Par conséquent, une faible consommation d'eau ou des biomarqueurs urinaires chroniquement élevés ne signifie pas par défaut une déshydratation, car la totalité de l'eau corporelle est maintenue et l'osmolalité sanguine n'est généralement pas affectée. Dans la littérature, les scientifiques ont qualifié l'état d'hydratation des biomarqueurs d'hydratation urinaire élevée de déshydratation légère, d'hydratation insuffisante, d'hydratation sous-optimale ou de prédéshydratation [ 11 , 25 , 26.]. Au lieu de cela, je propose le terme sous-hydratation qui pourrait mieux saisir la nature de ce phénomène, englobant une prise d’eau faible (consommant moins que les valeurs de référence), en l’absence de déficit hydrique total du corps, de soif ou d’osmolalité plasmatique élevée, alors que le mécanisme homéostatique de l’eau activé par la vasopressine et les biomarqueurs urinaires (Fig. 1 ). Il est temps de différencier le terme «déshydratation» de «sous-hydratation» et de ne pas utiliser la déshydratation lorsqu'une osmolalité urinaire élevée est atteinte ou si les valeurs de référence de l'absorption d'eau par l'utilisateur ne sont pas respectées.

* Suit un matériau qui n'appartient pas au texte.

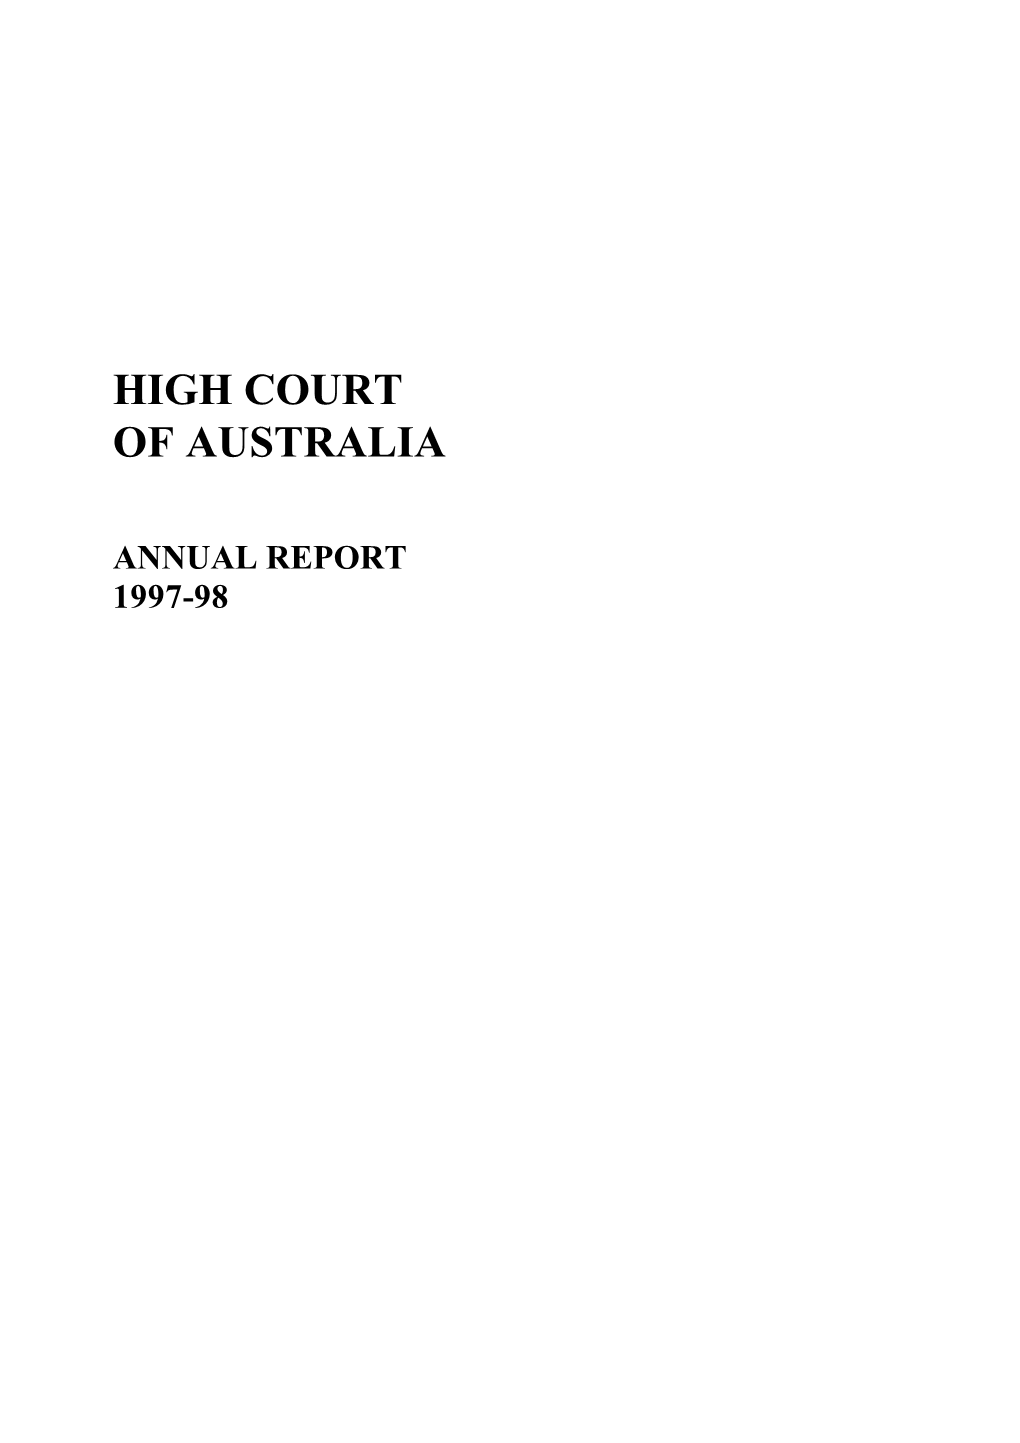 1998 Annual Report

Bien entendu, le sujet de l'hydratation et de la santé est nouveau et fait l'objet de nombreuses recherches [ 27 ]. À ce stade, nous avons probablement plus de questions que de réponses et de théories sur les mécanismes potentiels associant une faible consommation d'eau à diverses pathologies inexplorées, notamment le cancer et la longévité [ 28 , 29 ]. Cependant, il est temps de concentrer nos efforts sur les conséquences pour la santé d'être un buveur modéré, plutôt que d'examiner les effets aigus de la déshydratation (déficit en eau). Nous avons besoin d'études à grande échelle et d'essais contrôlés randomisés pour étudier l'impact de l'augmentation de la consommation d'eau sur la santé et le bien-être.